Efforts to enforce ban on plastic bags to resume

Published On: July 18, 2016 01:10 AM NPT By: Shraddha Amatya

KATHMANDU, JULY 18: The government has yet again vowed to strictly enforce the ban on plastic bags.

Although government officials had stepped up their campaign to curb the use of plastic bags last year, the drive came to an abrupt halt after the earthquake.    

But the authorities have decided to resume the crackdown against sale and distribution of all types of plastic and polypropylene bags across the country.
The government, however, would allow households to use plastic bags for collecting and disposing waste.

“Import, export, sales, distribution and use of plastic and polypropylene bags would be banned to eliminate their negative effects on human health, environment, and urban beauty,” said Ganesh Kumar Shrestha, director general at Department of Environment (DoE).

Alternatives suggested for plastic use are cotton bags, waterproof bags made up of synthetic and natural fabrics, jute and cotton bags, according to him.  
According to many city dwellers and plastic manufacturers, government move to ban plastic bags wasn't practical.

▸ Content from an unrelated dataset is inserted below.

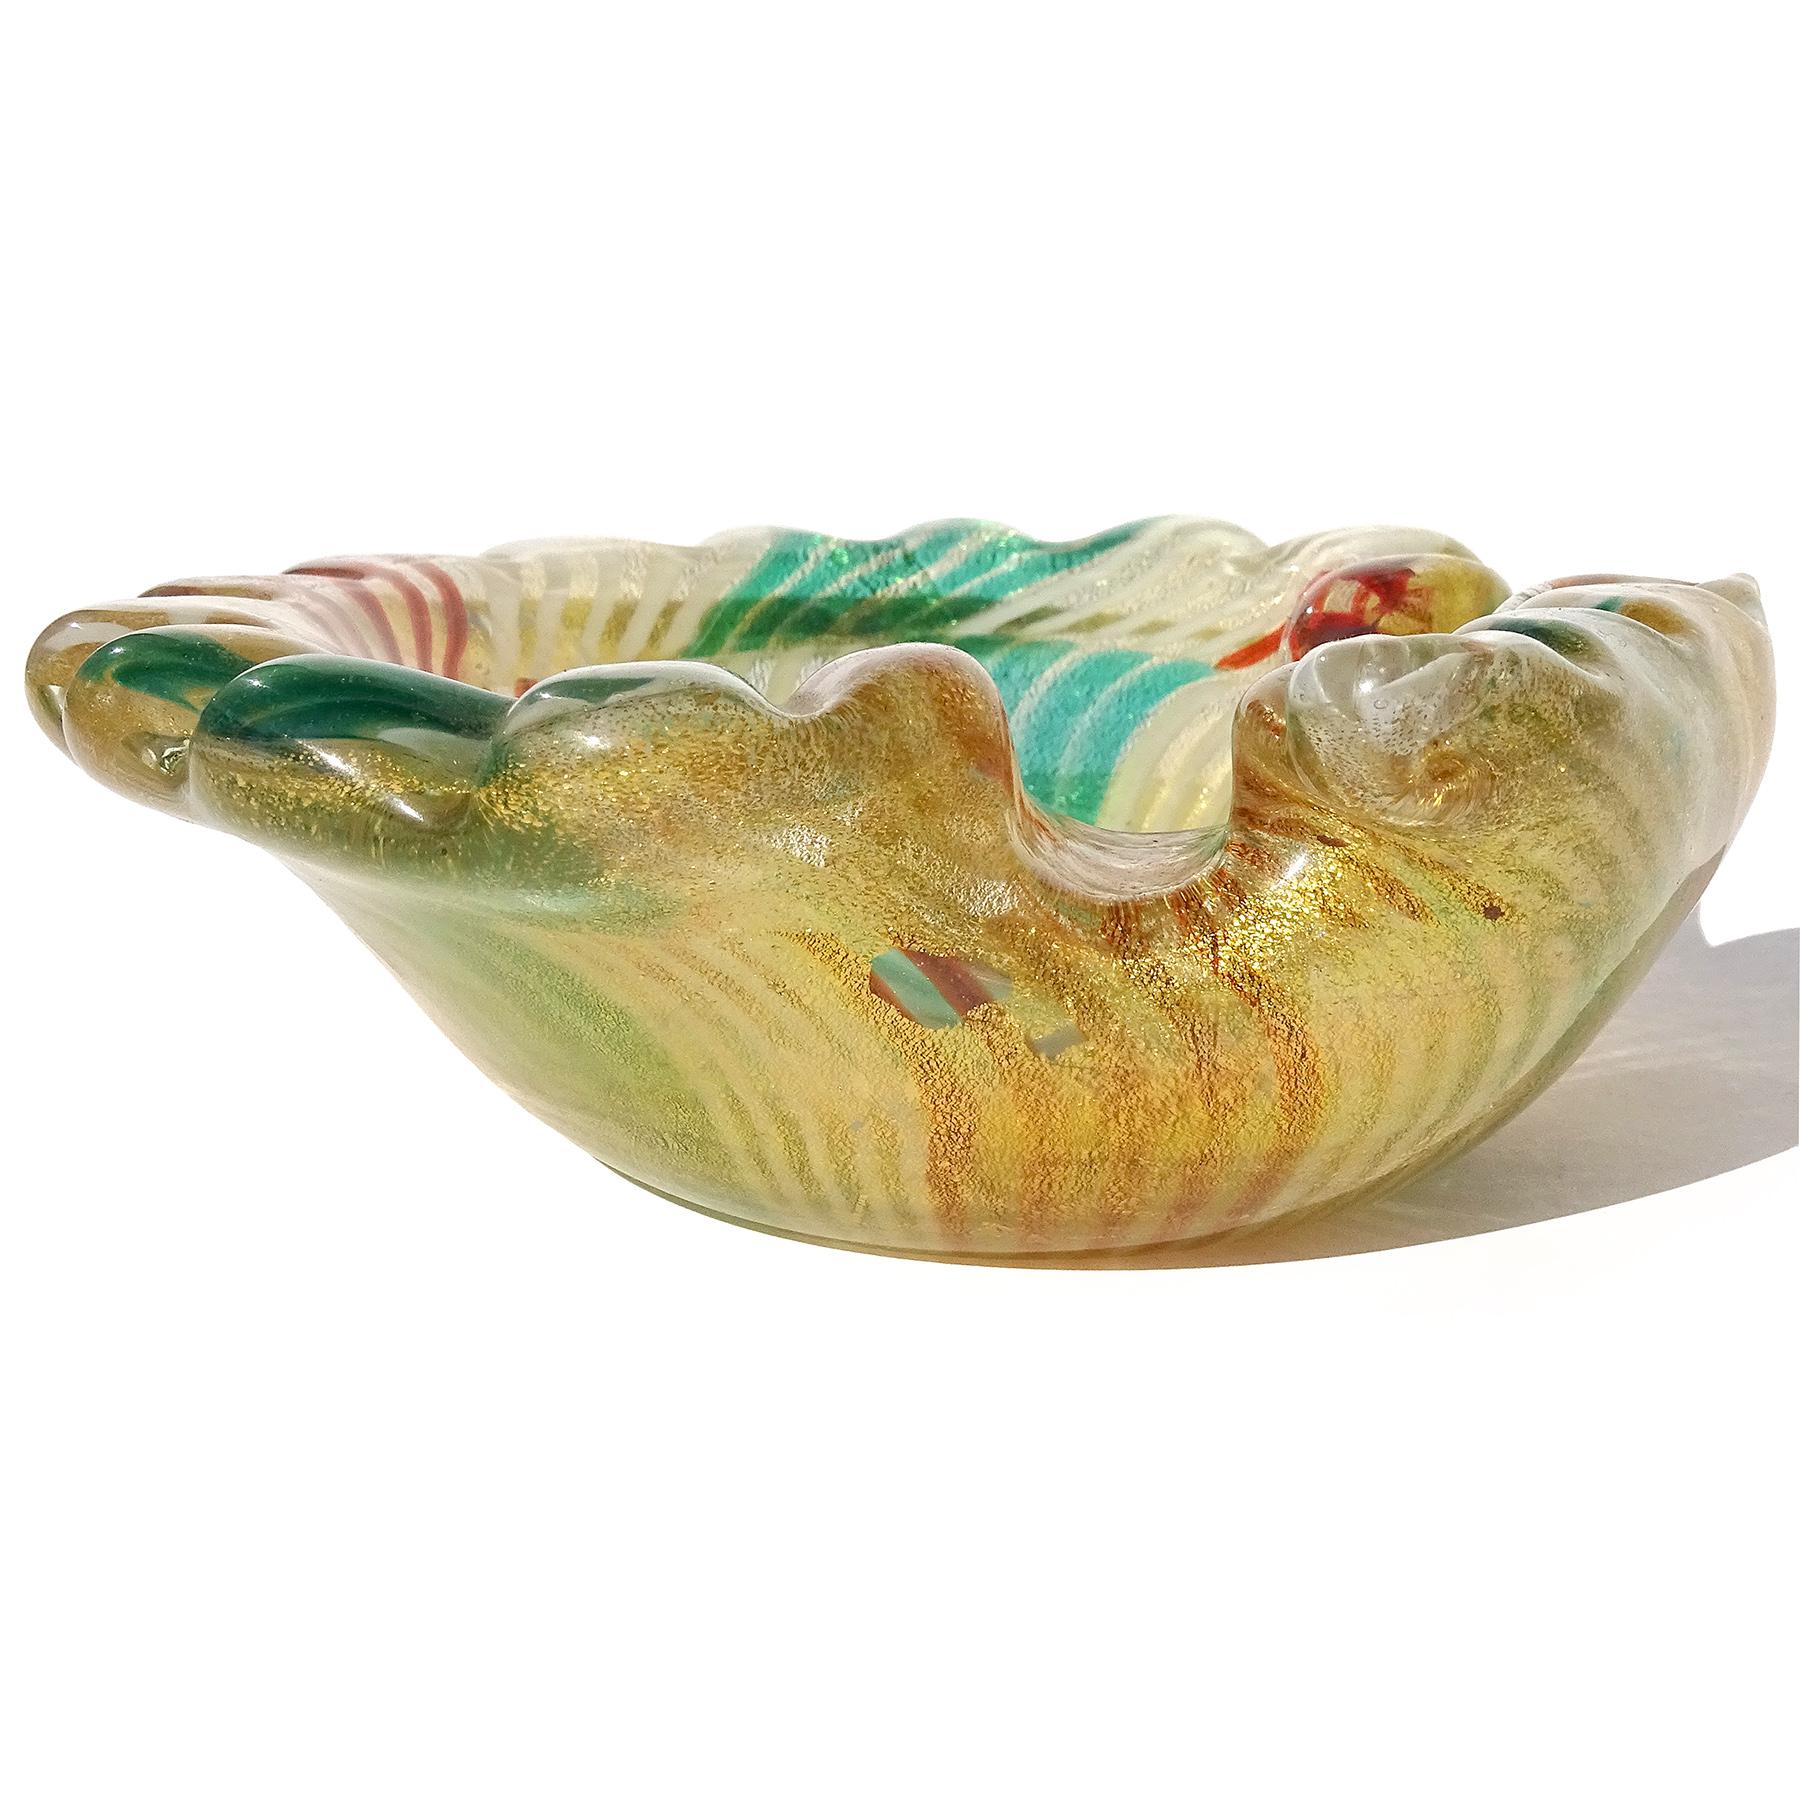 Magnifique bol vintage en verre d'art italien soufflé à la main de Murano, vert, blanc et rouge-orange, avec des morceaux de mosaïque et des mouchetures d'or, en forme d'éventail de conque / coquillage. Le motif du bol est constitué d'une alternance

They argue that the government should focus more on managing plastic bags rather than putting a complete ban on them.

Rakesh Kumar Yadav, a resident of Tripureshwar, said, "Plastic itself is not the problem but its management is.

Likewise, Meera Koirala, a resident of Maitighar, said that the complete ban on plastic bags will cause more problems if the government does not introduce feasible alternatives.

On the other hand, environmentalists say that this decision will bring about positive changes to the environment. “Shops and retailers who are selling plastic bags should cooperate with the government's initiative,” said Shilshila Acharya, the CEO of Himalayan Climate Initiative. “We will mobilize youths to spread awareness on this matter.”

Plastic manufacturers have a different opinion. “Plastic bags above 40 micron do not pose problem to health but bad management does,” Santosh Kumar Sedai, general secretary of Nepal Plastic Associations, said. "It is unfortunate that the government often introduces measures without proper discussion with stakeholders on managing the problem."

"Closing down factories altogether is not good for the country's economy," Sedai said. "Plastic manufacturers are ready to cooperate with the government if it brings pragmatic plan on recycling and reusing plastic waste."